Desa Gisik Cemandi, Sedati, Sidoarjo melangsungkan sedekah bumi. “Ayune rek perangkatku.” Guyonan itu keluar dari Suwandi saat menjadi pembawa acara.

Pria yang kemarin bertugas sebagai panitia tersebut juga merupakan salah seorang perangkat Desa Gisik Cemandi. Dia melihat sejawatnya yang datang mengenakan pakaian tradisional. Berkebaya lengkap dengan jarit. Suwandi pun memulai candanya.

Sejak pukul 07.00 warga berkumpul di Balai Dusun Gebang. Mereka mengenakan kostum yang beraneka ragam. Mulai kostum daur ulang yang dipakai ibu-ibu sampai pakaian kebesaran penari reog oleh bapak-bapak. Sementara itu, para pemain musik patrol memakai batik beserta udeng.

Dalam acara tersebut, terdapat tumpeng raksasa yang berisi hasil pertanian berupa sayuran. Antara lain, terong, wortel, jagung, dan sawi. Selain itu, buah-buahan turut memperkaya hasil alam Desa Gisik Cemandi.

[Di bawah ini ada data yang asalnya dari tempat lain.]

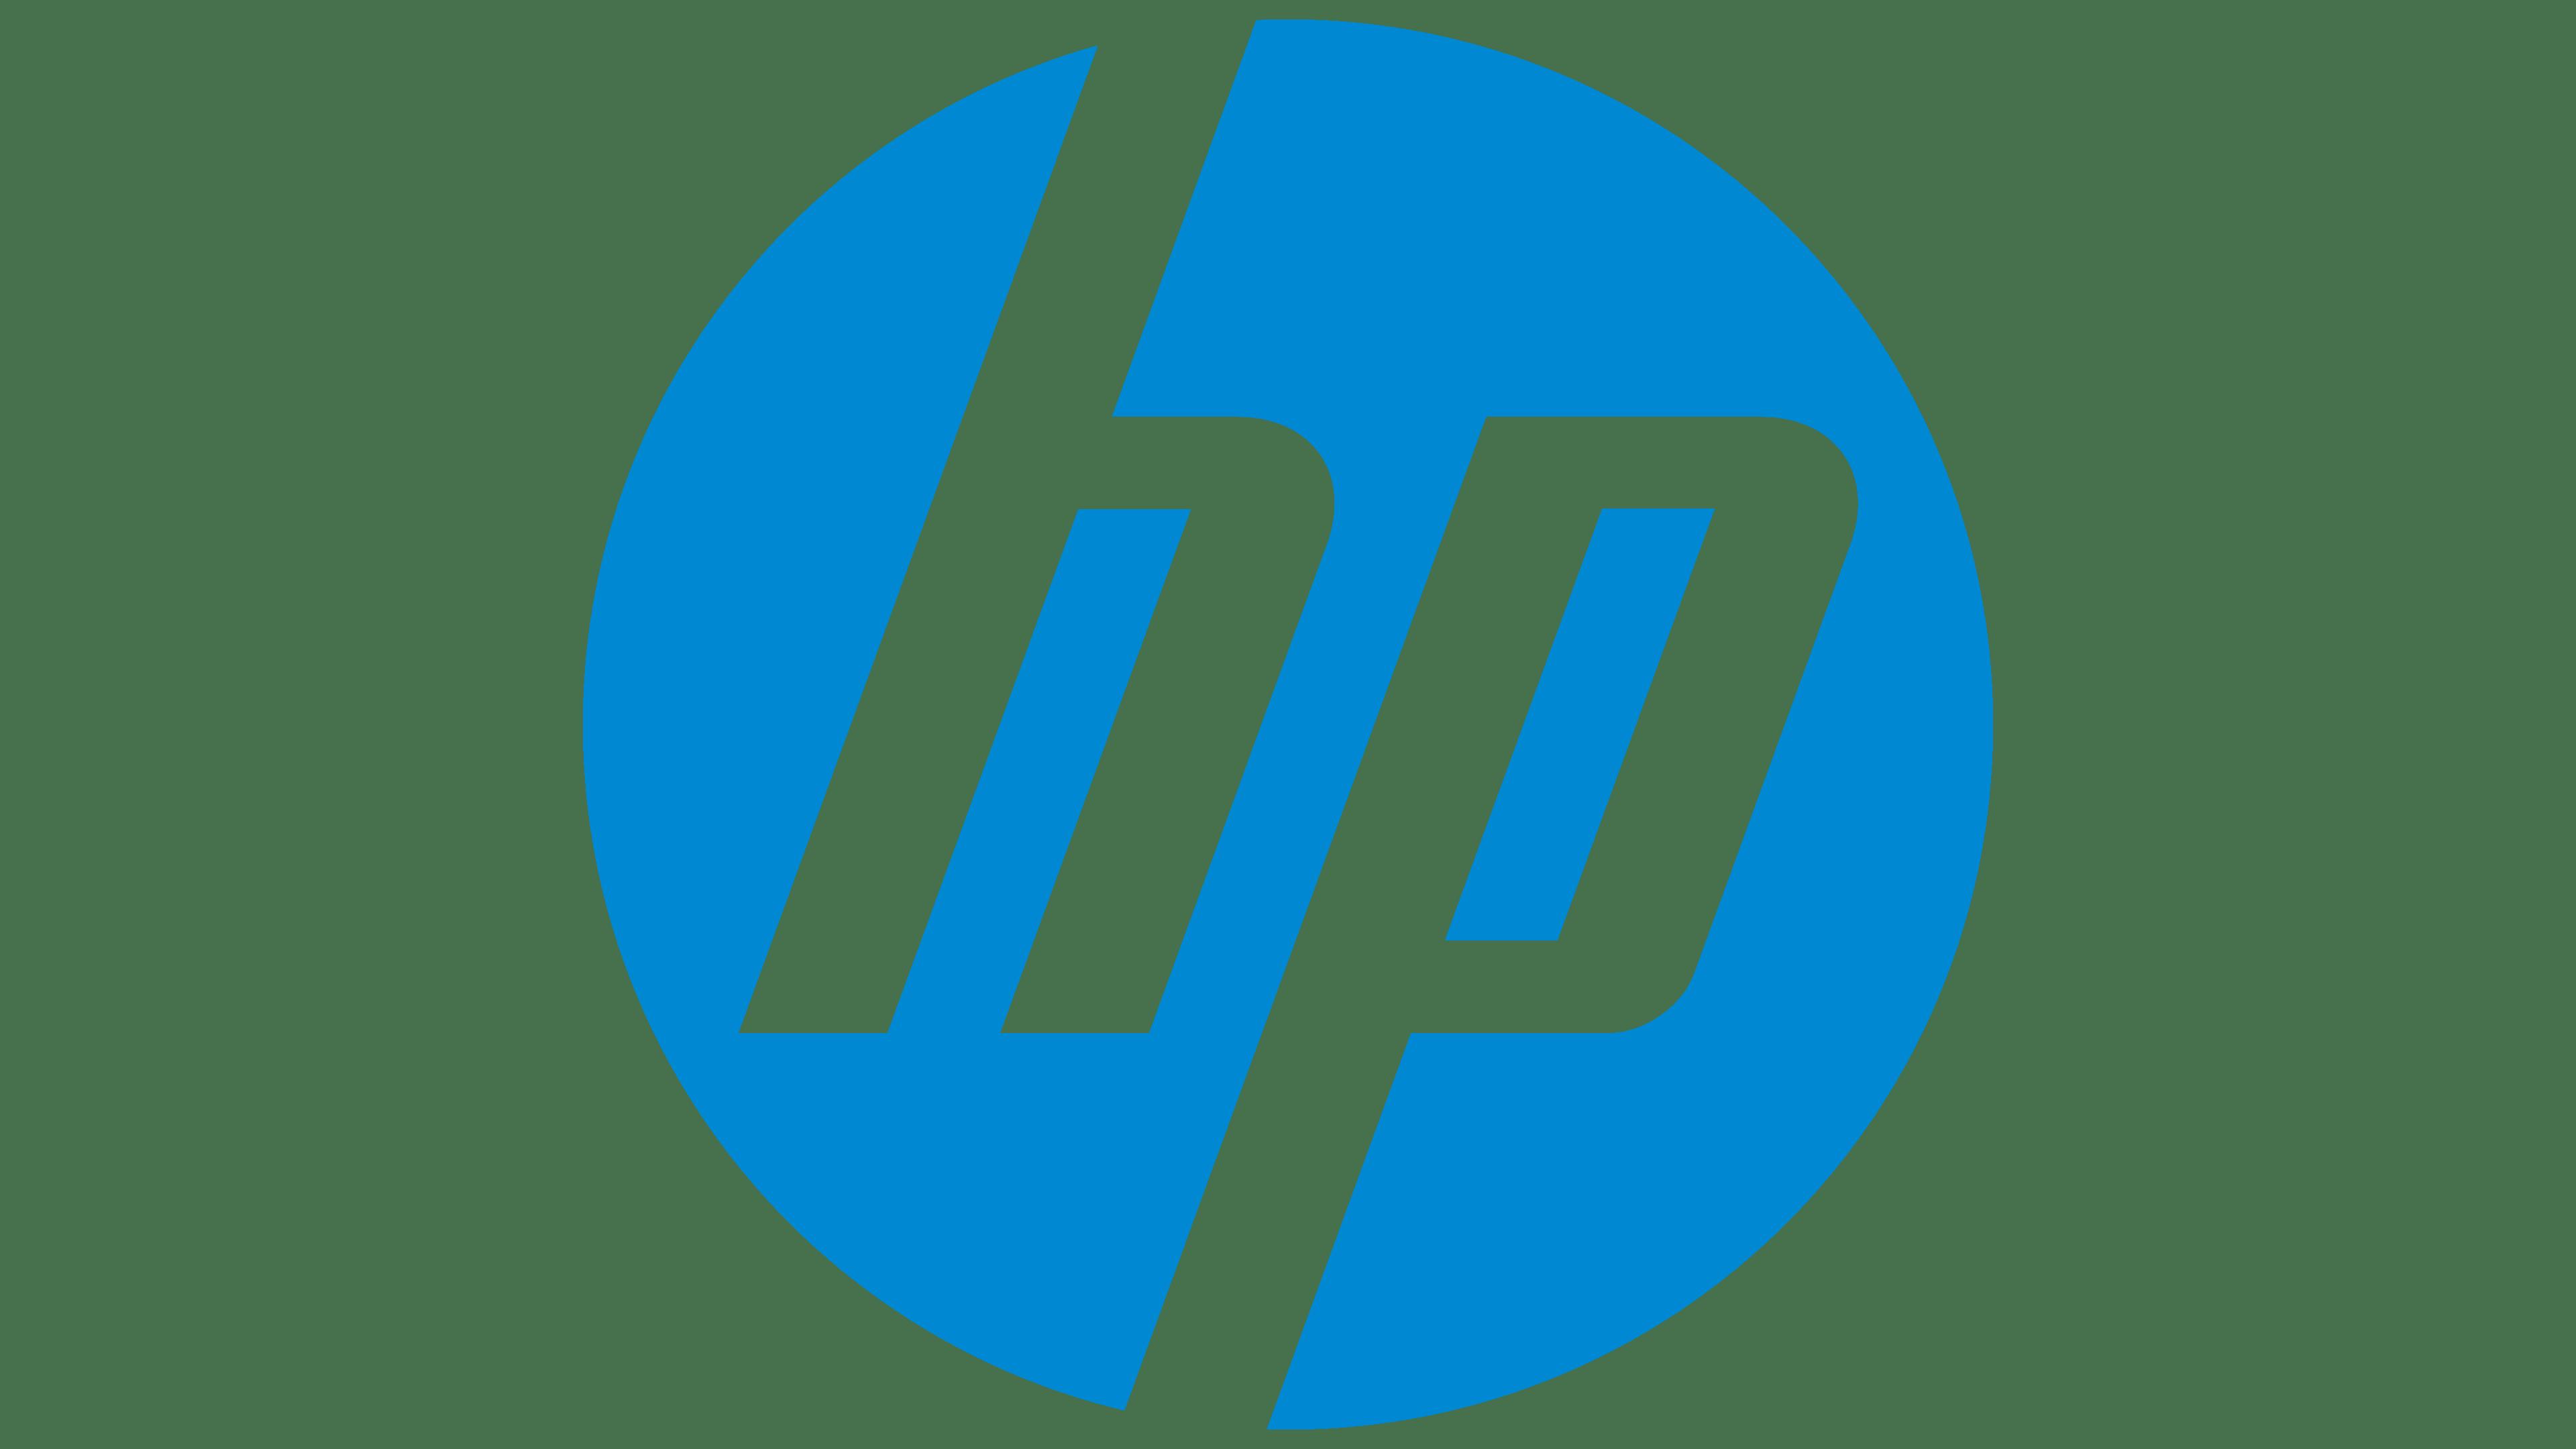 HP-Logo-alternance-euridis-ecole-de-commerce-business-developer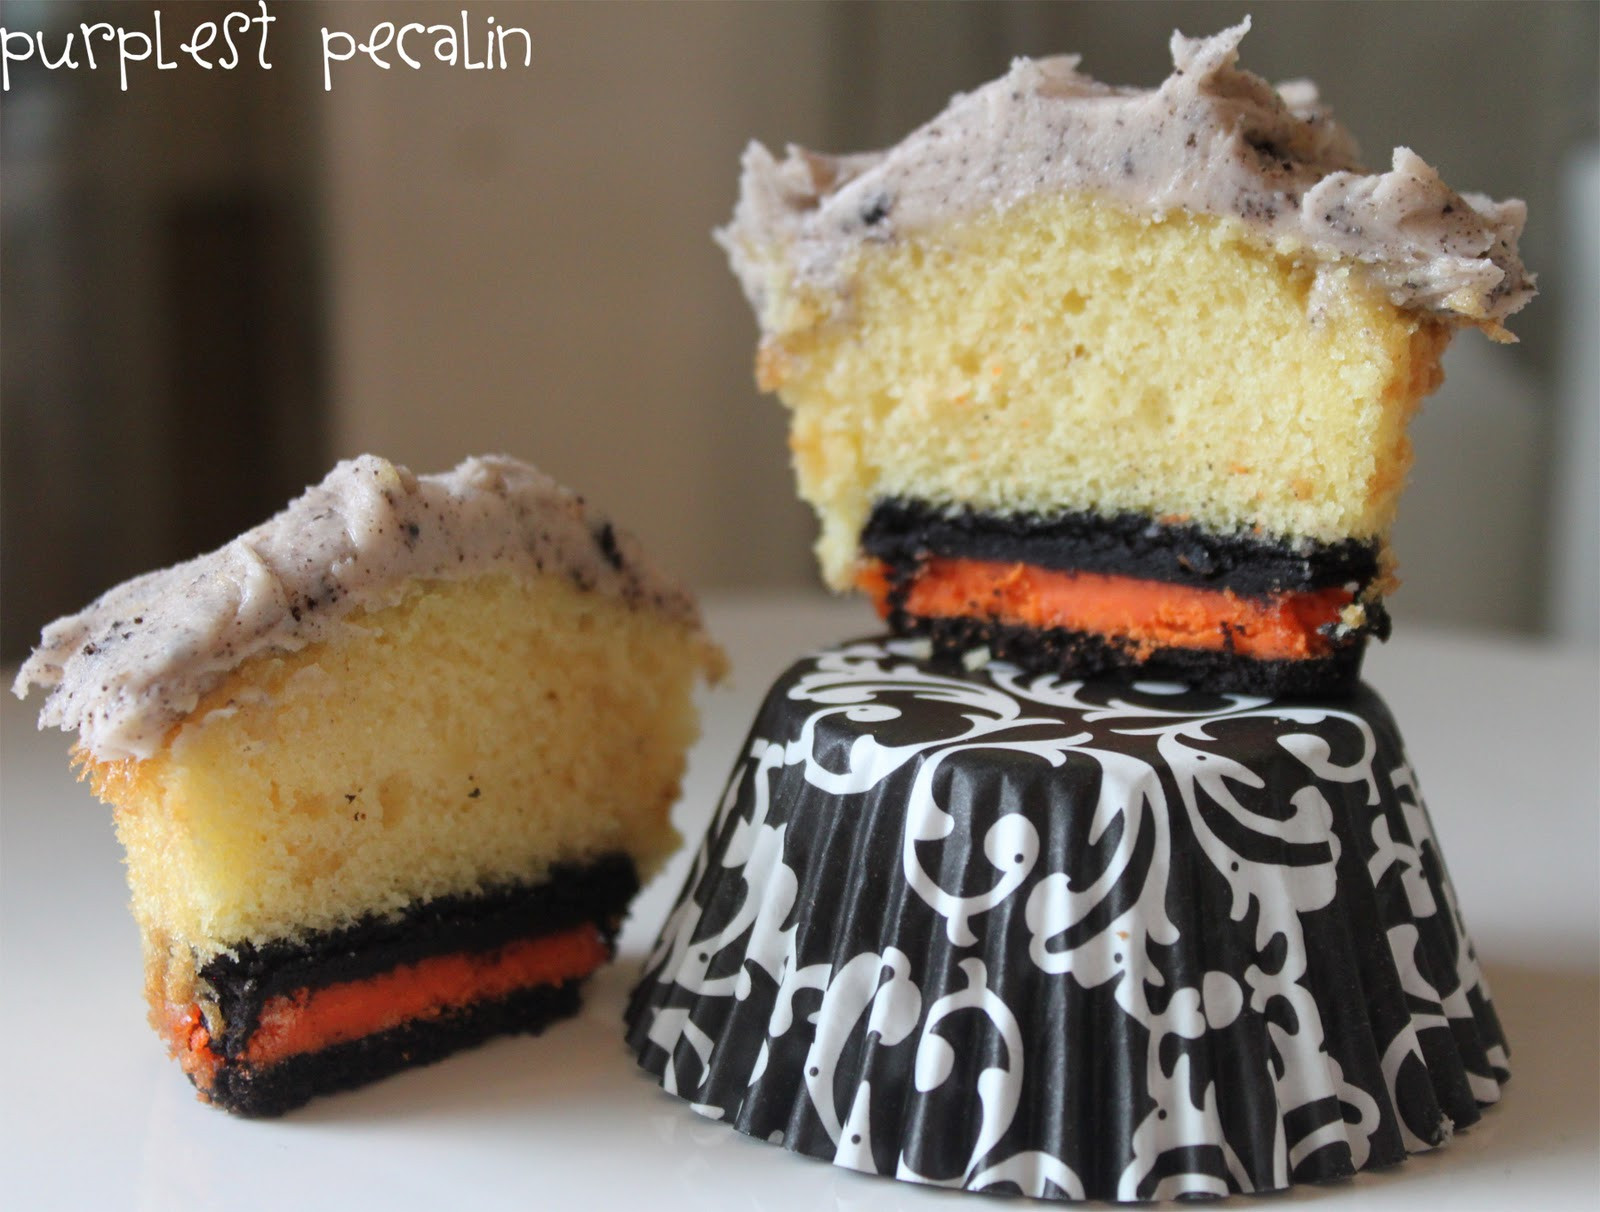 Halloween Cookies And Cupcakes  Purplest Pecalin Cookies & Cream Cupcakes Halloweenified

Di antaranya, semangka dan blewah. Gunungan tumpeng dibentuk layaknya rumah. Pelaksanaan sedekah bumi bertema Sandang, Pangan, dan Papan.

Kepala Desa Gisik Cemandi Supriyadi mengatakan, sandang yang semakin baik terlihat dari keragaman kostum masyarakat. Papan diibaratkan gunungan yang berbentuk rumah. Padi, sayuran, dan buah-buahan yang menghiasi tumpeng menjadi perlambang pangan.

“Di sini setiap tahun ruwah desa dua kali. Satu kali petik laut. Satu kali lagi sedekah bumi dari hasil pertanian,” ungkapnya seperti dilaporkan jawapos.com. Kekayaan alam Desa Gisik Cemandi ada dua. Yakni, hasil ikan dari Dusun Gisik Cemandi dan areal persawahan di Dusun Gebang.

Desa Gisik termasuk dalam program Desa Melangkah, yang sudah memasuki tahun kedua. Desa Melangkah adalah program pemberdayaan masyarakat desa yang digagas Jawa Pos dan Universitas Muhammadiyah Sidoarjo (Umsida).

Tahun 2017 ada 154 desa dari 12 kecamatan di seluruh wilayah Kabupaten Sidoarjo yang ikut berpartisipasi. Pada Desa Melangkah 2016, yang bergabung baru 66 desa dari 10 kecamatan. Desa Melangkah 2017 resmi di-launching di Pendapa Delta Wibawa oleh Bupati Saiful Ilah.

Tahun ini banyak perbedaan dari pelaksanaan Desa Melangkah sebelumnya. Salah satunya, penekanan pelatihan pembentukan badan usaha milik desa (BUMDes) yang semakin masif. BUMDes di desa-desa yang bergabung ke dalam program Desa Melangkah ditargetkan semakin banyak. Selain itu, pengembangan kapasitas penyuluhan bagi para pelaku usaha mikro, kecil, dan menengah (UMKM). Harapannya, muncul kemandirian ekonomi desa melalui UMKM.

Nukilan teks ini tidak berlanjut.